Der Online-Lebensmittelmarkt ist einer der am stärksten wachsenden Märkte überhaupt, bis 2025 soll sich der Online-Marktanteil in den USA im Vergleich zu 2020 mehr als verdoppeln. Europa liegt sogar noch weiter zurück, sodass die Wachstumsraten hier nochmals größer sein werden. Es würde für Hellofresh also schon reichen, wenn man seine Marktanteile halten kann, um das 10 Mrd. €-Umsatz-Ziel zu erreichen. Doch bereits in der Vergangenheit war zu sehen, dass Hellofresh mit einem weit überlegenden Produkt den eigenen Marktanteil deutlich steigern und Konkurrenten verdrängen konnte. Falls dies auch in Zukunft gelingt wird Hellofresh einer größten Profiteure in einem stark wachsenden Markt werden.
Ziel-Marge
Neben der Wachstumsrate ist noch eine zweite Größe entscheidend um die Bewertung eines Unternehmens vornehmen zu können – die Gewinnmarge.
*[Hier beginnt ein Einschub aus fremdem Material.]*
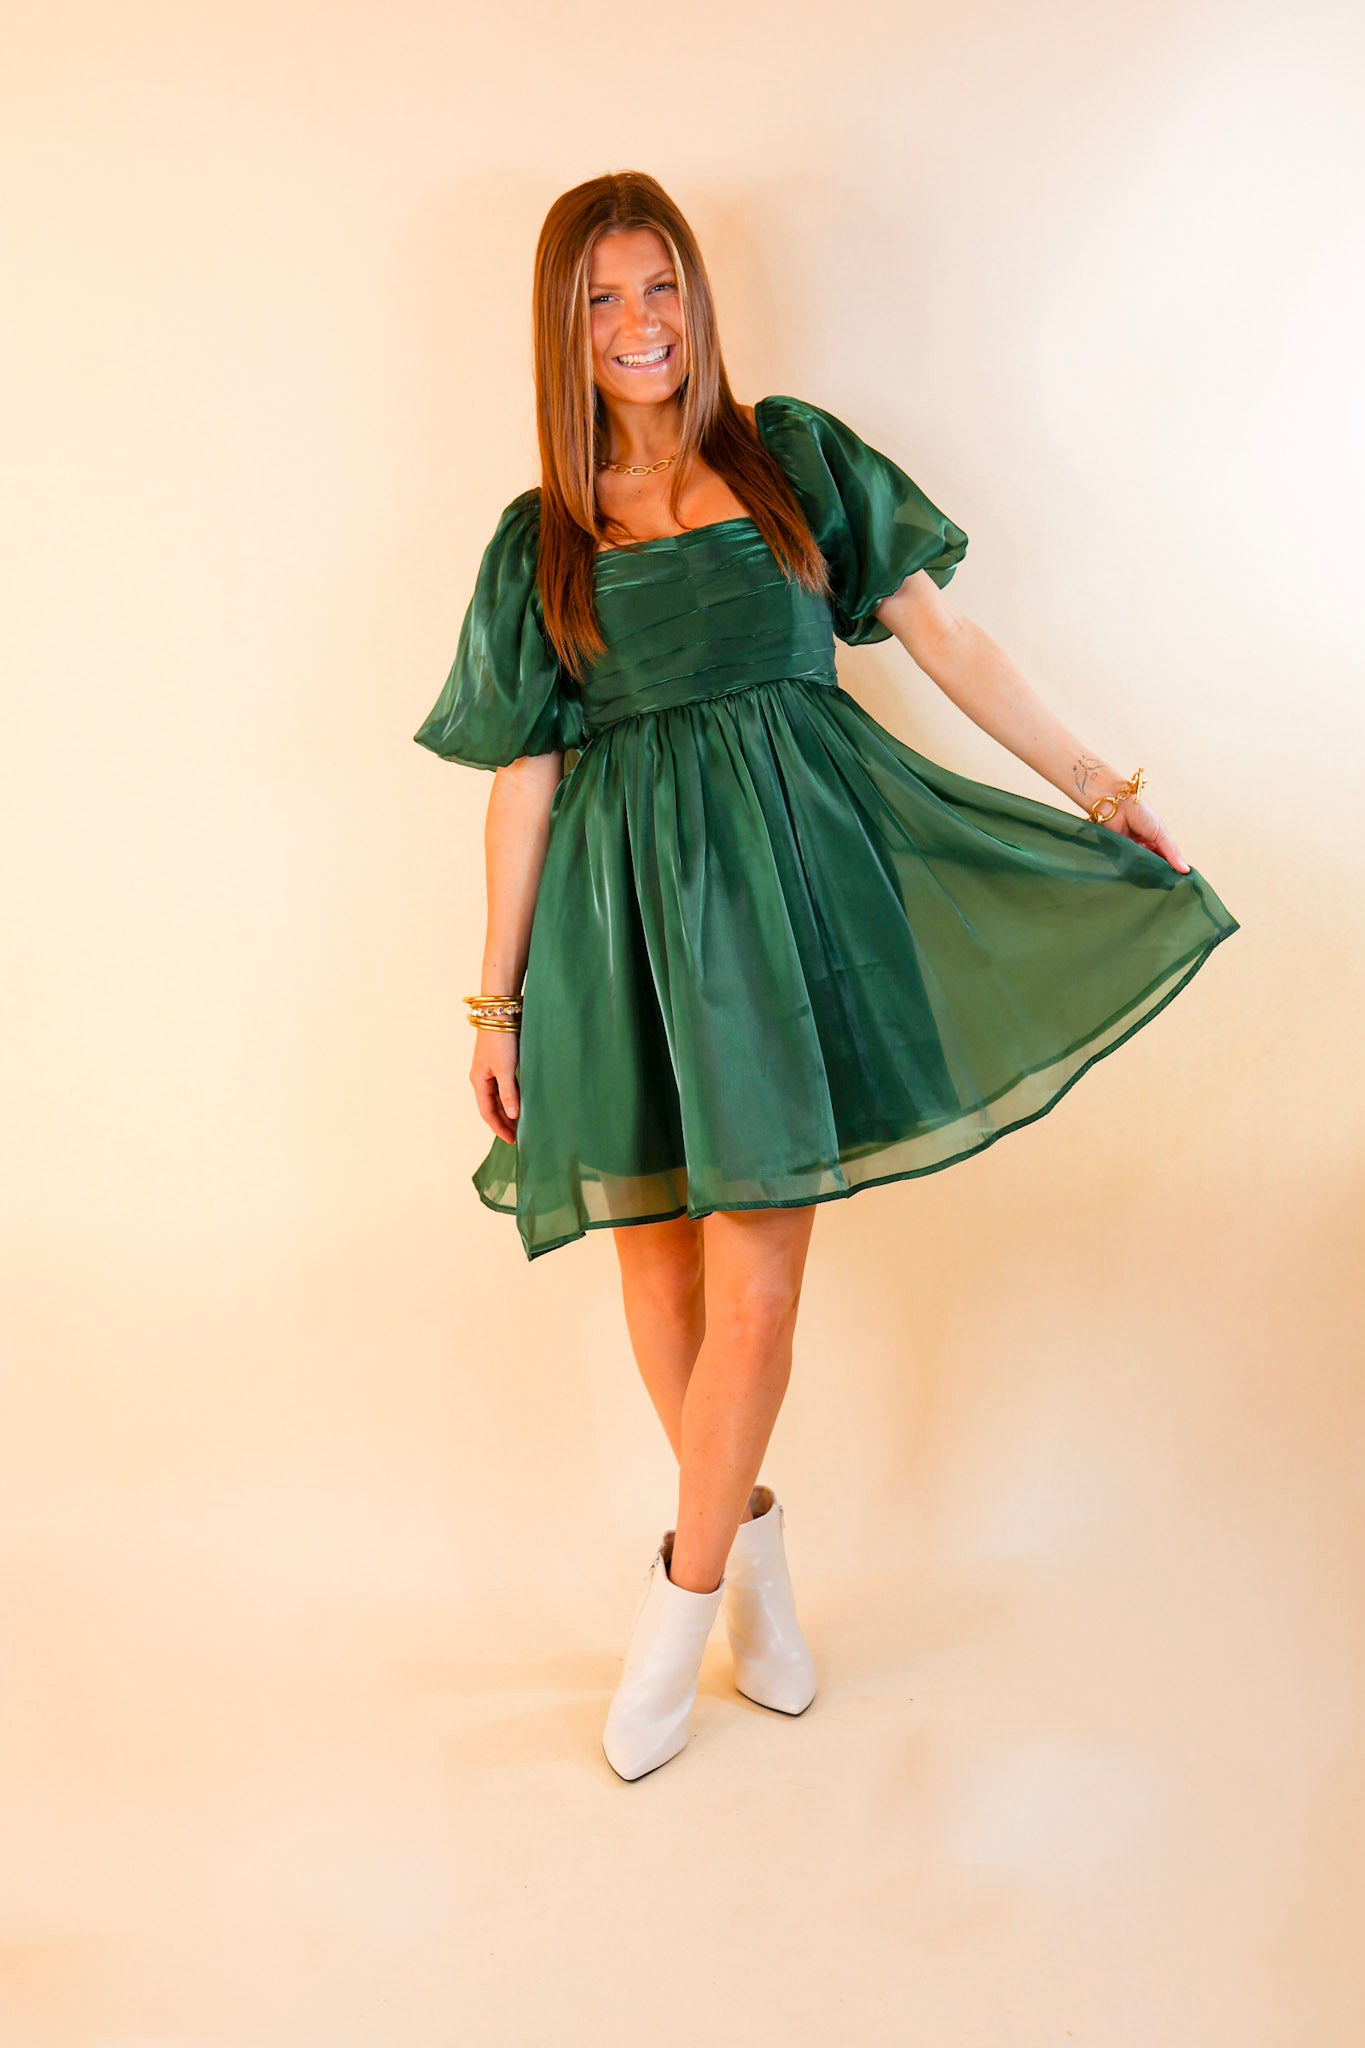 Central Avenue Square Neck Metallic Dress with Short Balloon Sleeves in Emerald Green - Giddy Up Glamour Boutique

In der Vergangenheit sprach Hellofresh von einer mittelfristigen AEBITDA-Marge von 10%-12%, ich hatte bereits in diesem Abschnitt erläutert, dass Hellofresh langfristig eine AEBITDA-Marge von über 15% erzielen wird. Dieses Ziel hat jetzt auch Hellofresh selbst formuliert und geht von 15%-20% aus. Dies erreicht das Unternehmen, indem die Zwischenhändler eliminiert werden und man dadurch die gesamte Marge der Wertschöpfungskette für sich vereinnahmen kann.
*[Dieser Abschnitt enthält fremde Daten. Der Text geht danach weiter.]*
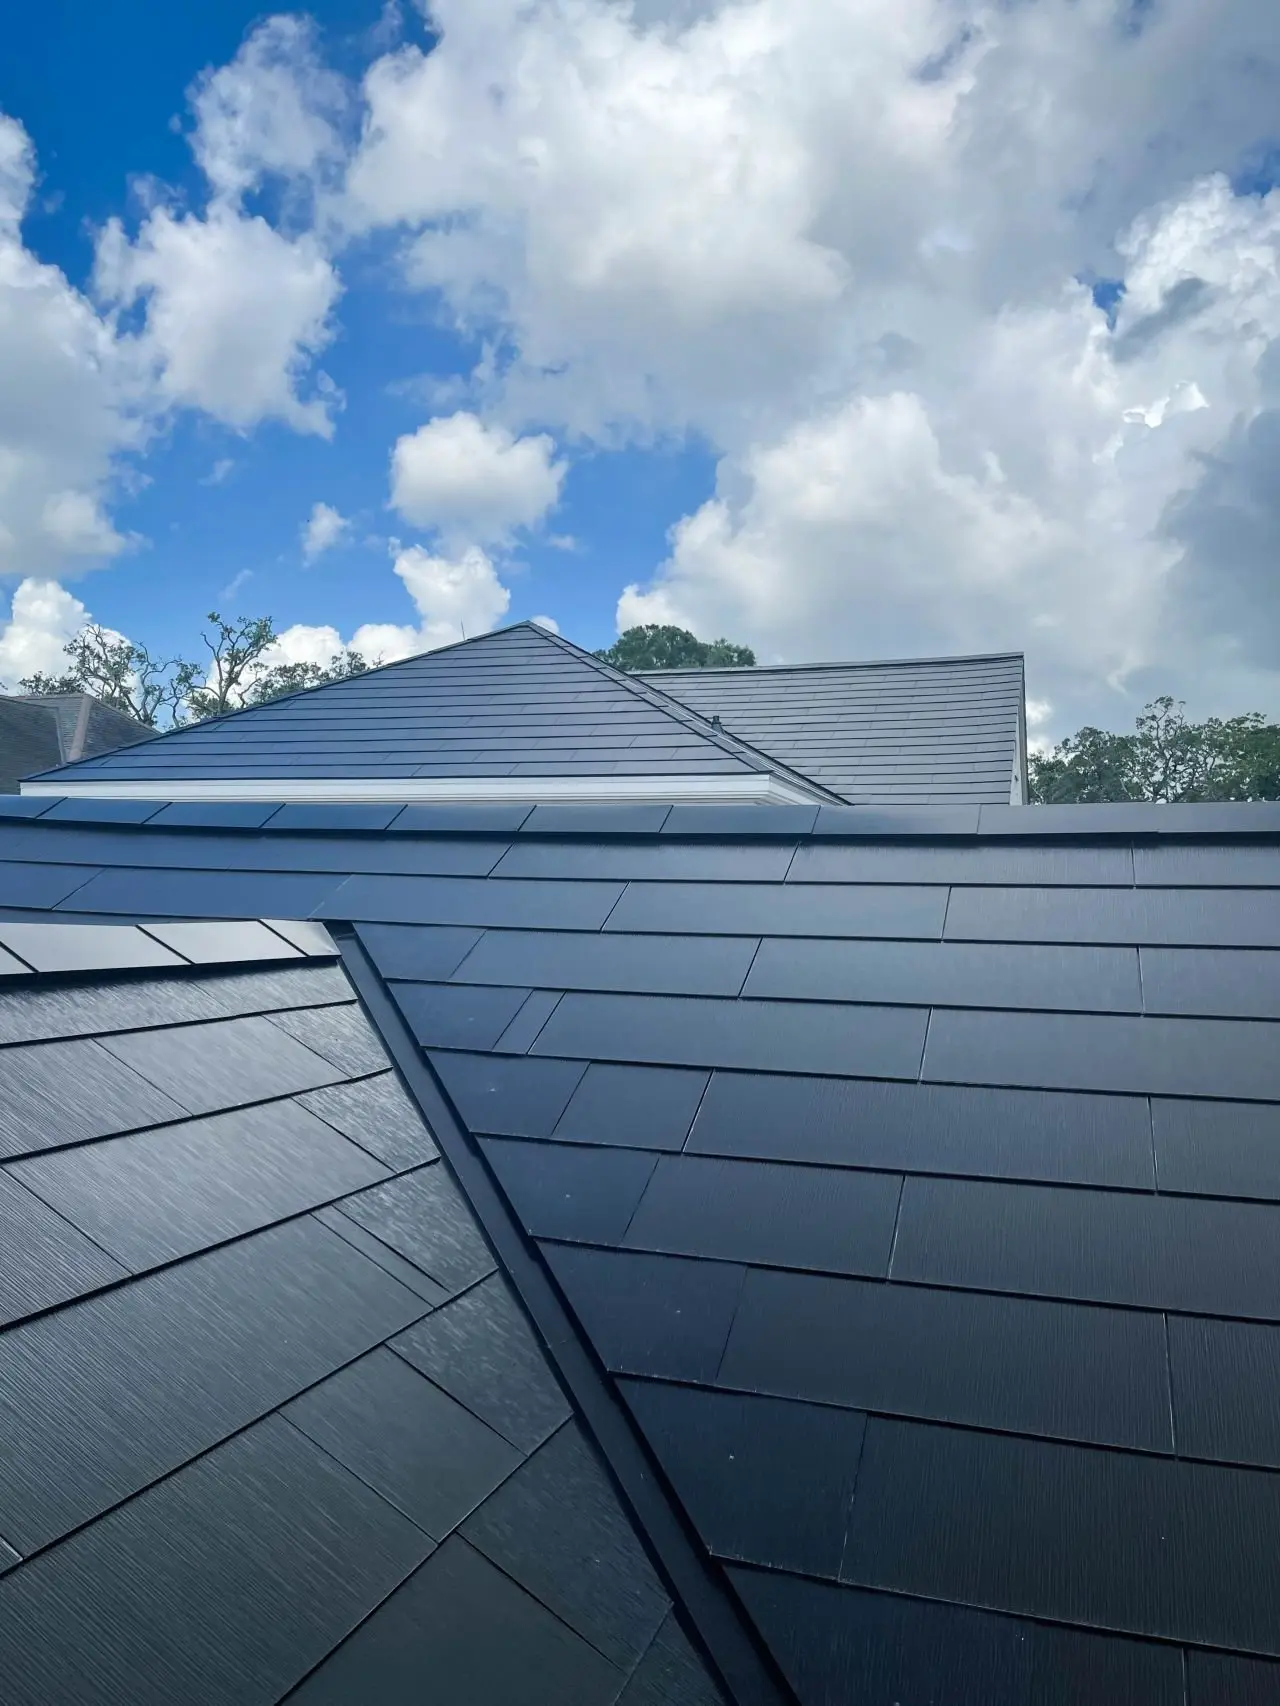 tesla solar panel roof tiles - How thick are Tesla solar roof tiles

Die nachfolgende Übersicht stellt noch einmal die Vorteile von Hellofresh gegenüber eines klassischen E-Commerce-Unternehmens dar. Wichtig ist hier vor allem der Vorteil der höheren Margen sowie die hohen Free-Cashflows, die das Wachstum dauerhaft finanzieren können, ohne auf Fremdmittel angewiesen zu sein. Daher hatte ich in der Vergangenheit auch immer wieder argumentiert, dass der Bewertungs-Abschlag von Hellofresh gegenüber Zalando, Chewy und Co. keinen Sinn ergibt. Hellofresh müsste aus dieser Vergleichsgruppe das Unternehmen mit den höchsten Umsatzmultiplen sein, da man ein höheres Wachstum mit höheren Margen und einem größeren Markt verbindet. Zu dieser Einsicht kommen langsam wohl auch andere Marktteilnehmer, wie die Reaktion auf den Capital Markets Day zeigt.

Umweltbewusstsein
Eine immer größere Rolle für viele Verbraucher spielt das Thema Umwelt. Diesem Aspekt hat Hellofresh sich bereits seit der Gründung verpflichtet, in den vergangenen Jahren die Anstrengungen aber weiter intensiviert. Die Ergebnisse können sich sehen lassen:
- 69% weniger Lebensmittelabfall im Vergleich zu Supermärkten
- 10% weniger Lebensmittelabfall YOY
- 84% weniger CO2-Emissionen im Vergleich zu Supermärkten
- 47% weniger CO2-Emissionen YOY
- Halbierung des Plastikanteils YOY
- Ausgleich aller entstanden CO2-Emissionen, sodass Hellofresh 100% klimaneutral ist
Die deutlich verkürzte Lieferkette erhöht zusätzlich die Qualität der Lebensmittel für die Kunden, anstatt von 10 Tage von der Ernte bis zum Kunden brauchen die Zutaten der Hellofresh-Box gerade mal 3 Tage. Gleichzeitig vermeidet man dadurch einen großen Teil der Lebensmittelabfälle.

Fazit
Die größte Veränderung durch den diesjährigen Capital Markets Day liegt im Auftreten von Hellofresh. Man ist selbstbewusster was die eigenen Ziele angeht und kommuniziert diese auch klar und deutlich. Bereits in 2019 konnte man absehen wohin die Reise geht, sowohl die zukünftigen Wachstumsraten als auch die Zielmarge waren für mich keine Überraschung. Trotzdem waren in der Vergangenheit viele Analysten skeptisch und stellten teilweise das Geschäftsmodell an sich infrage. Diese Skepsis ist wohl durch die Aussichten deutlich geringer geworden, daher auch der starke Kursanstieg. Mein faires KUV bleibt weiterhin bei 3,0-3,5. Dies entspricht einem Kurs von 70€ für 2020 und 85€ für 2021. Der starke Anstieg der Hellofresh Aktie hilft auch unserem Wikifolio auf ein neues Allzeithoch.